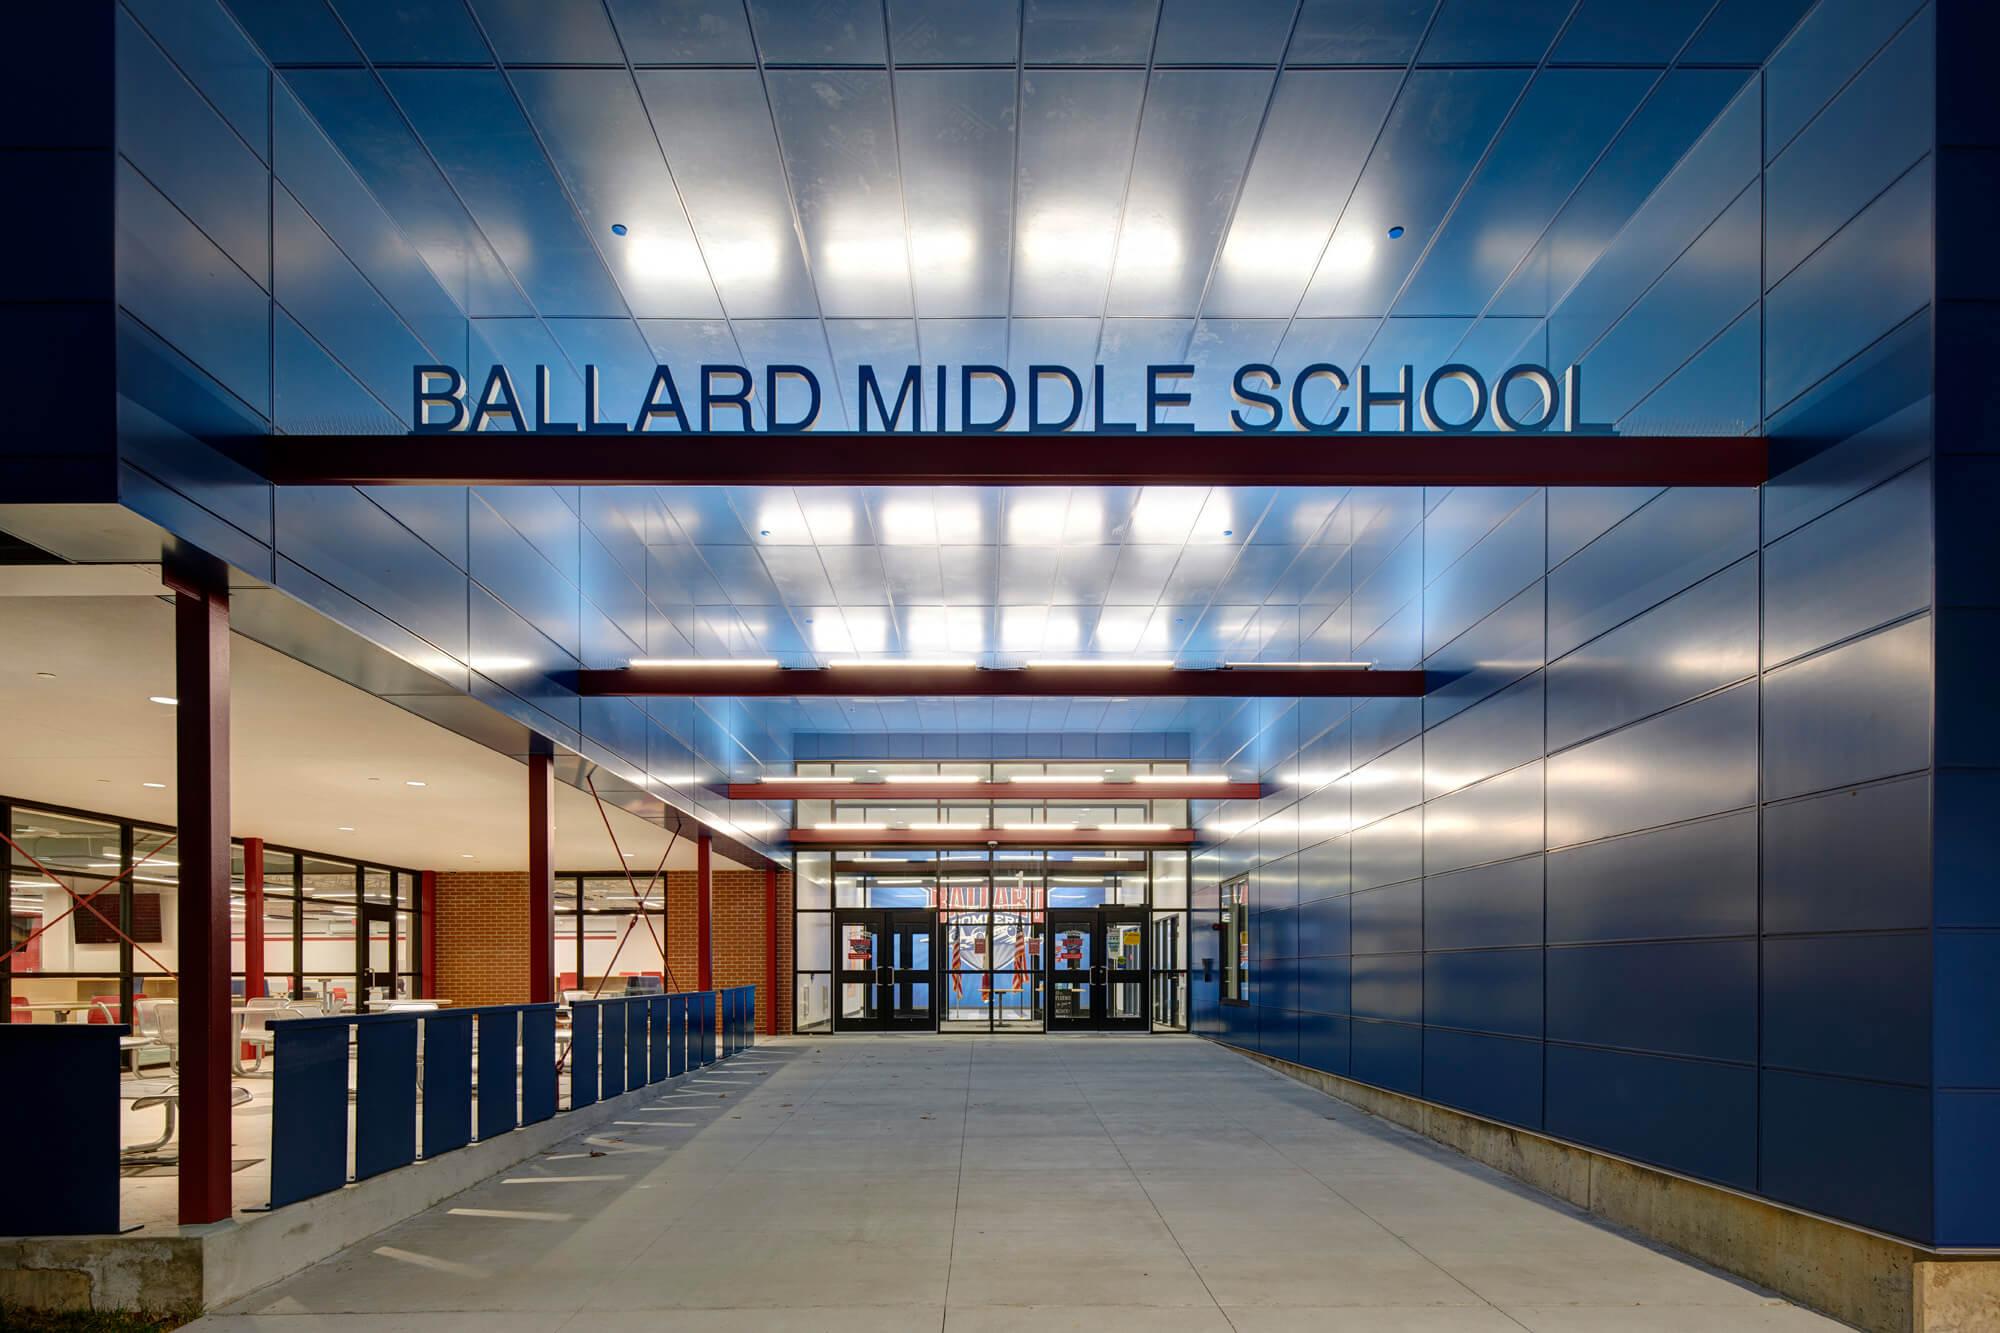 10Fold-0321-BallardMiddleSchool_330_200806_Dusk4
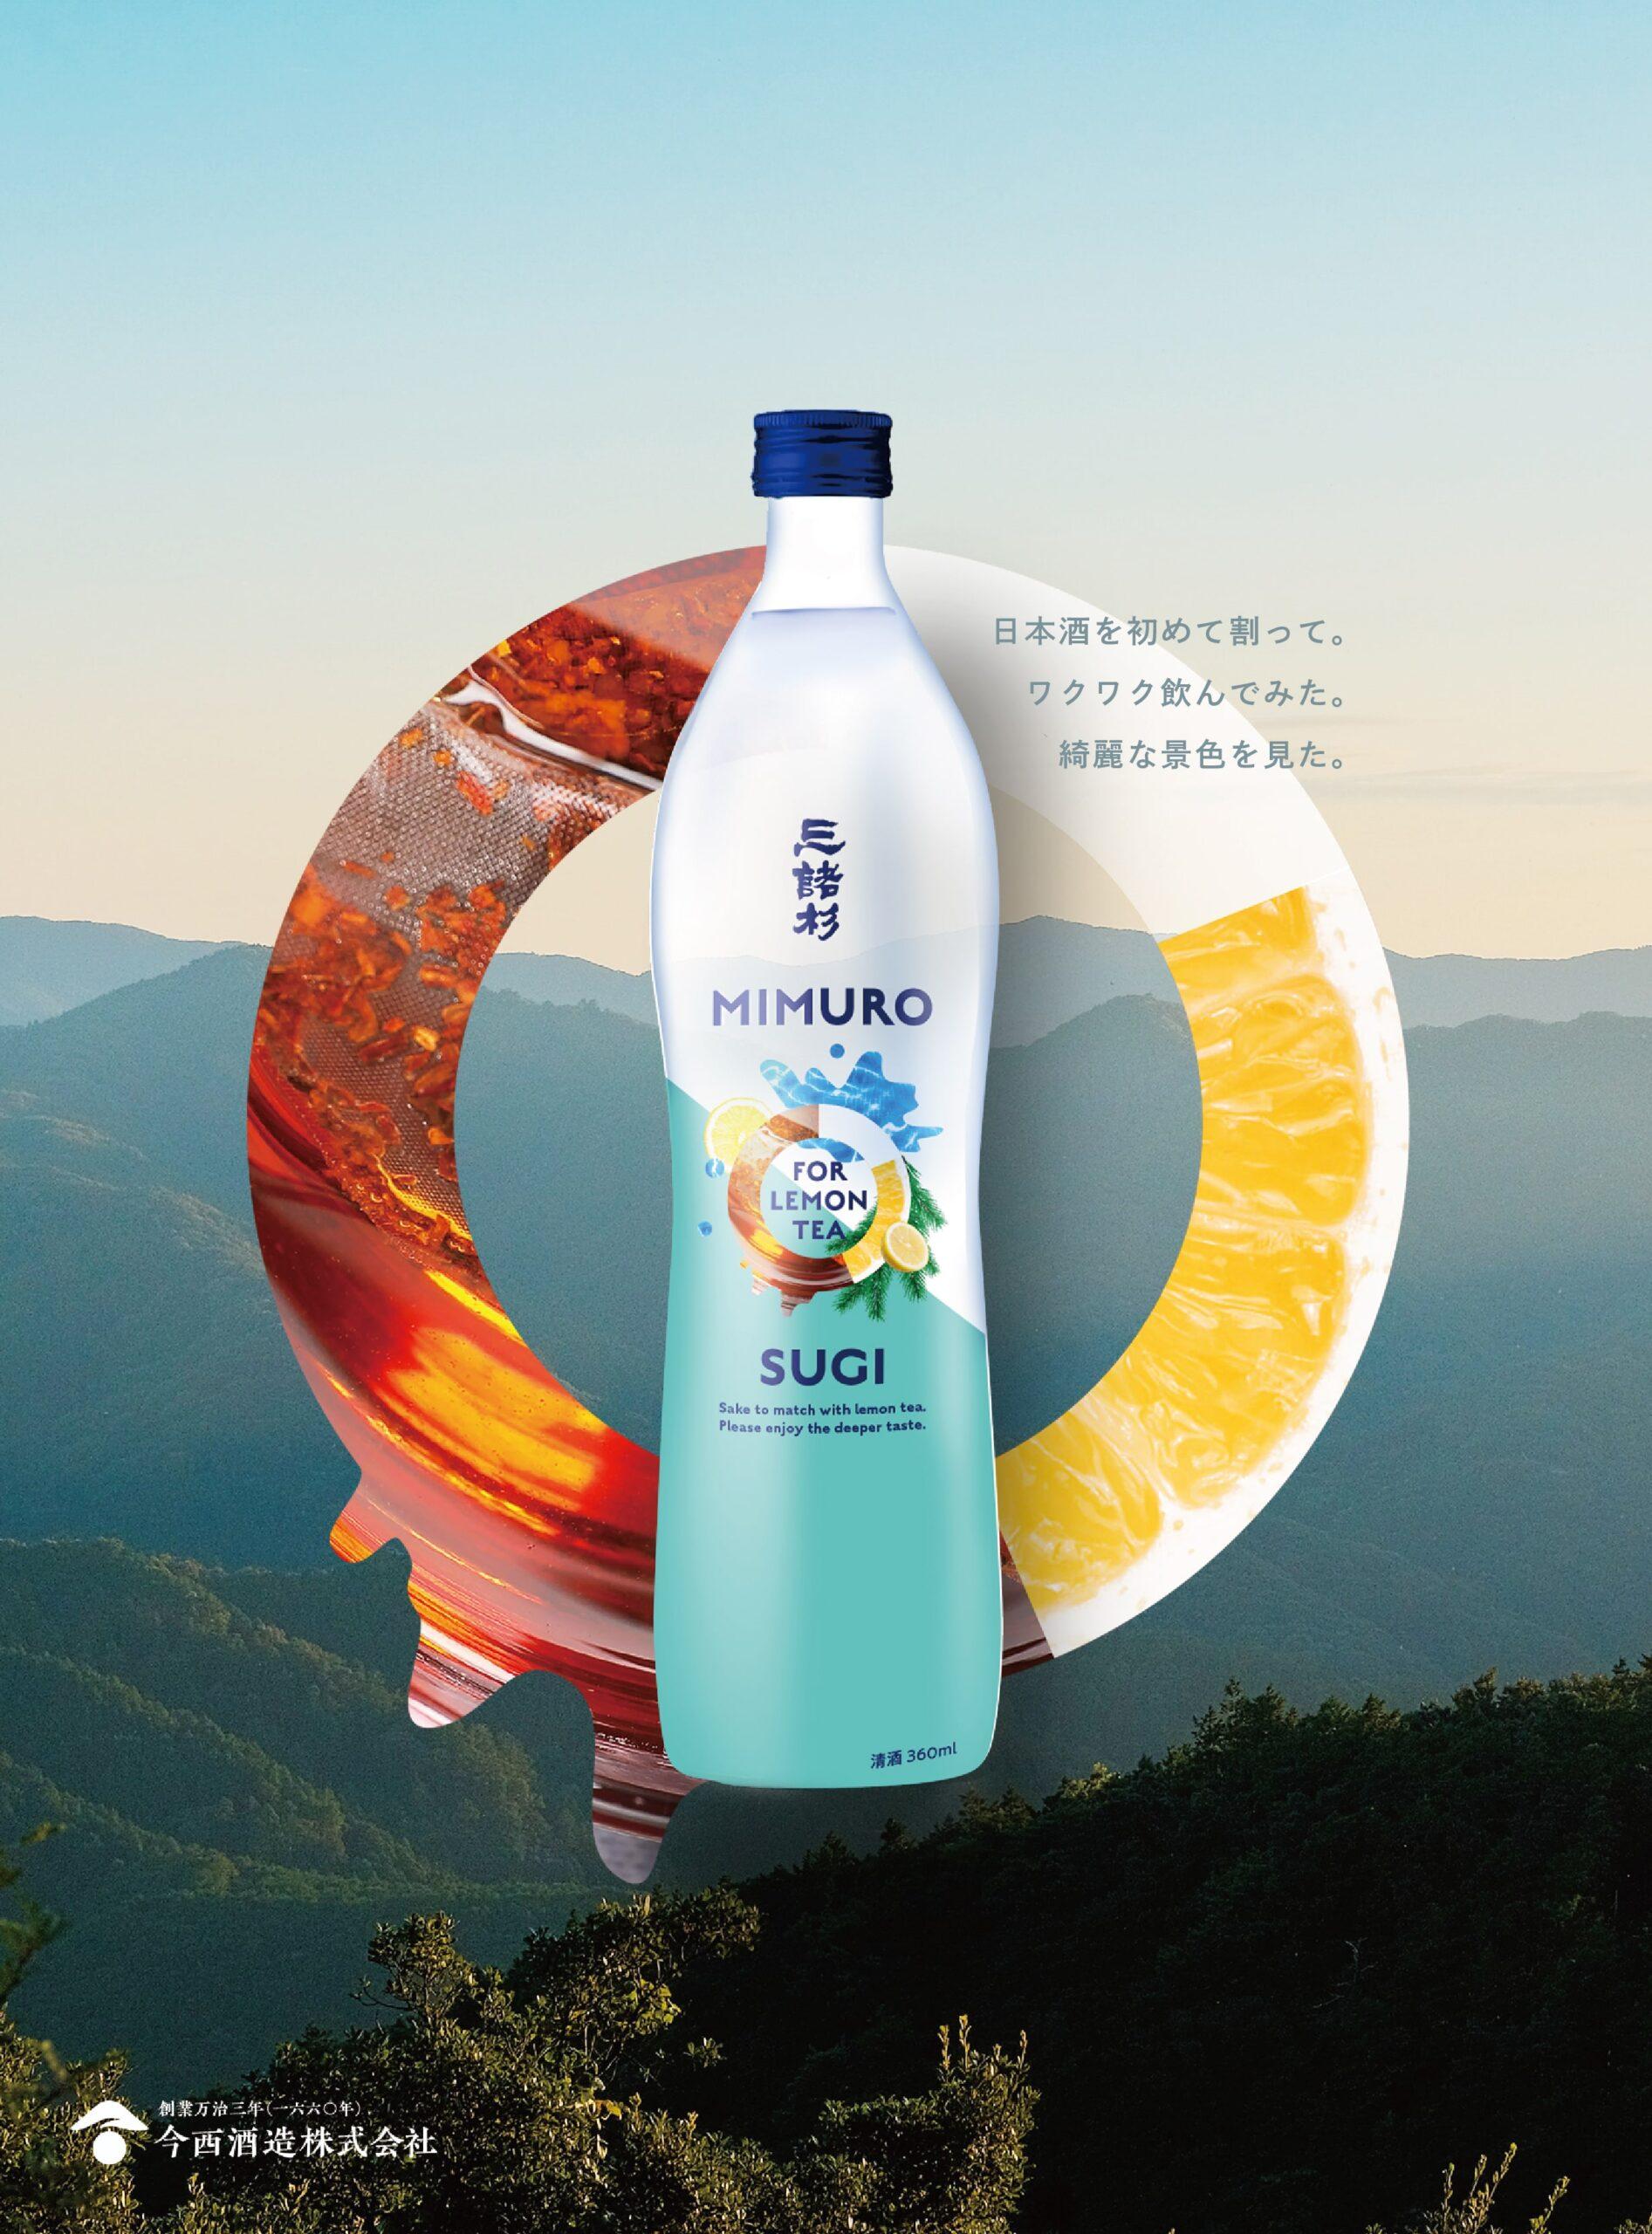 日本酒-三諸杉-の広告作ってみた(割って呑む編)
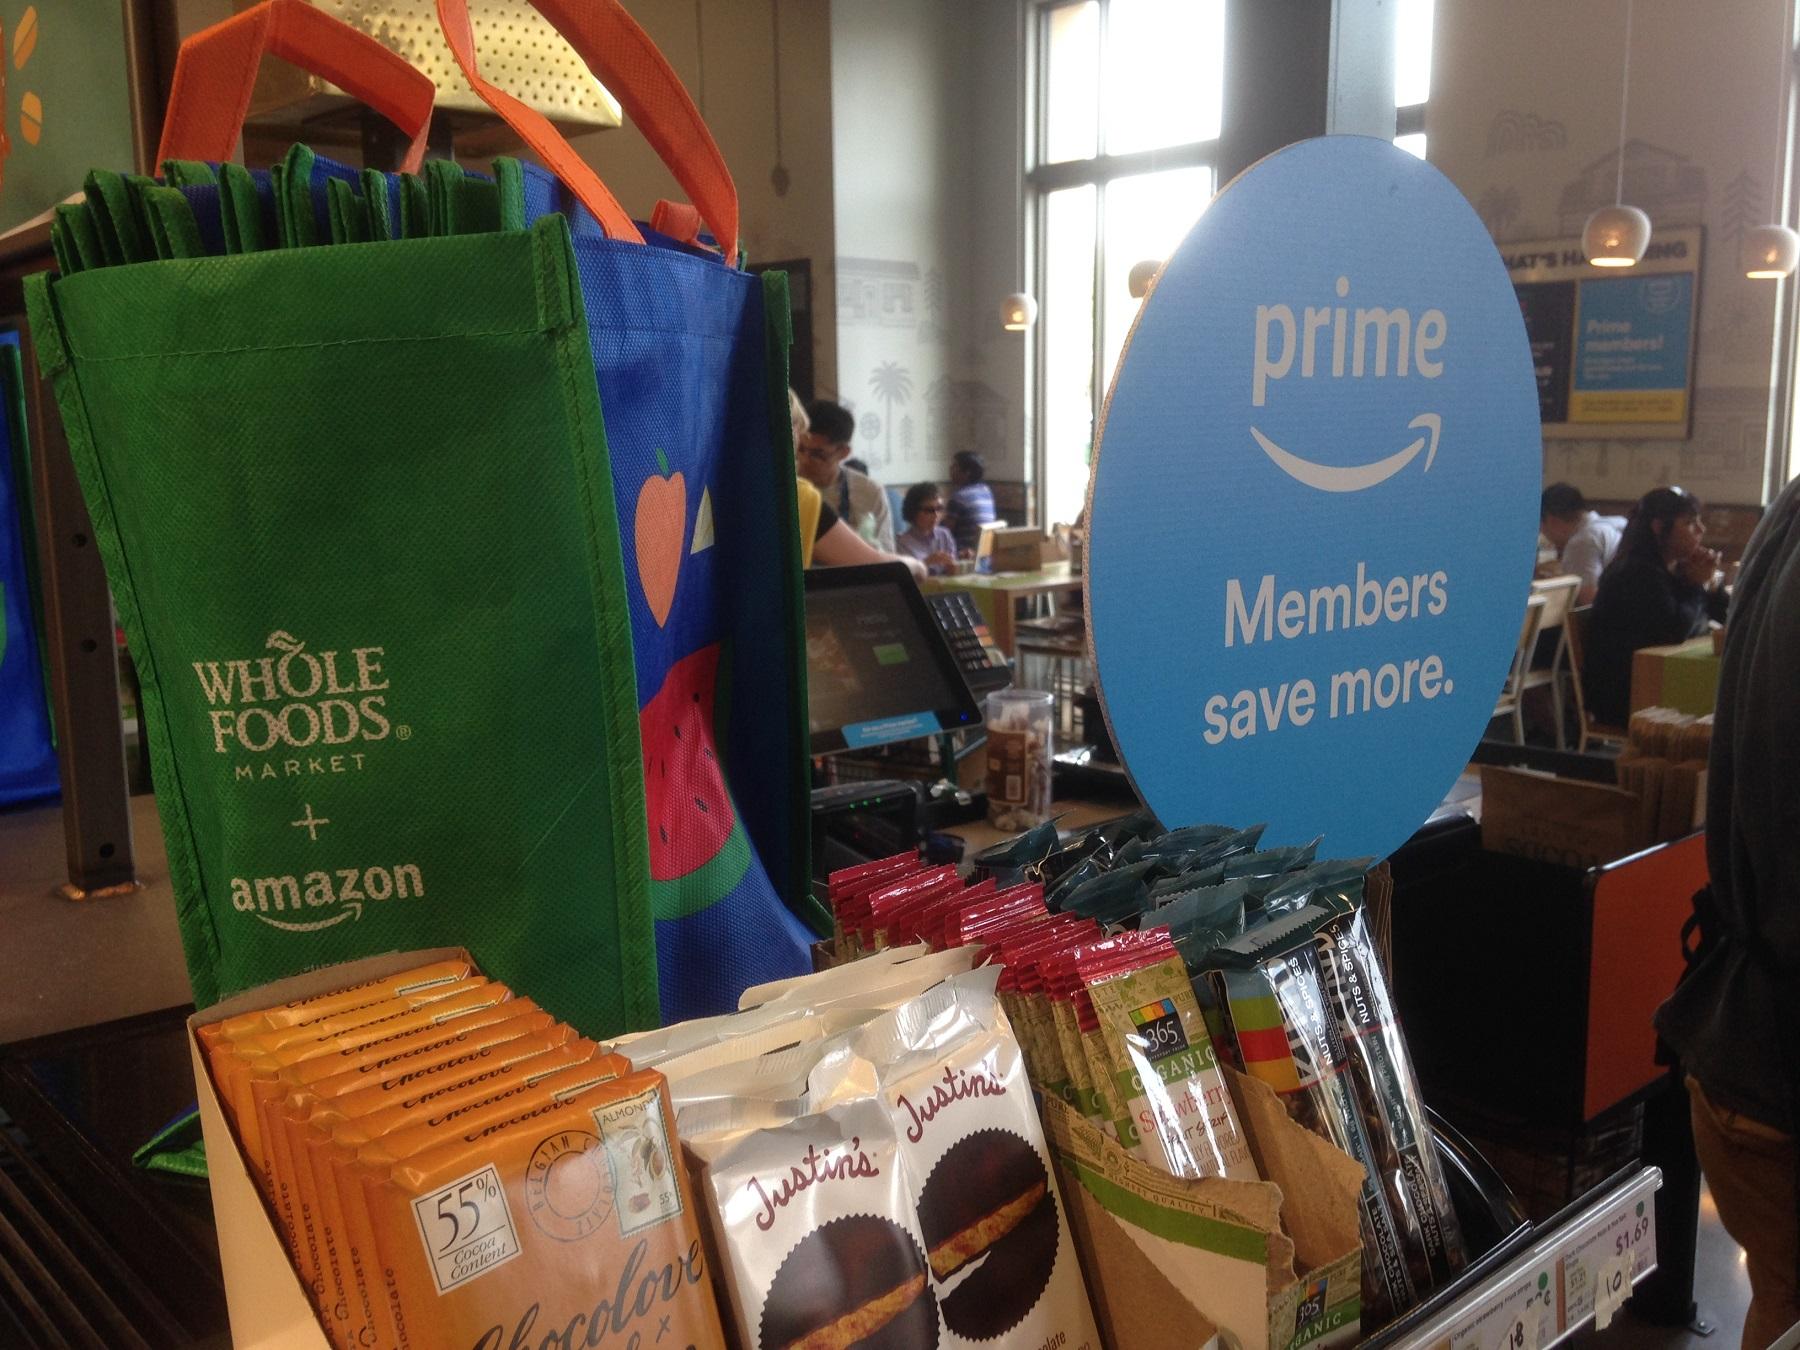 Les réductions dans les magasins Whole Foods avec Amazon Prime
********************
• **WHAT IS EXPECTED**
Without including any picture, repeat the data exactly.

• **EXPECTED ANSWER**
 10Fold-0321-BallardMiddleSchool_330_200806_Dusk4
 日本酒-三諸杉-の広告作ってみた(割って呑む編)
 Les réductions dans les magasins Whole Foods avec Amazon Prime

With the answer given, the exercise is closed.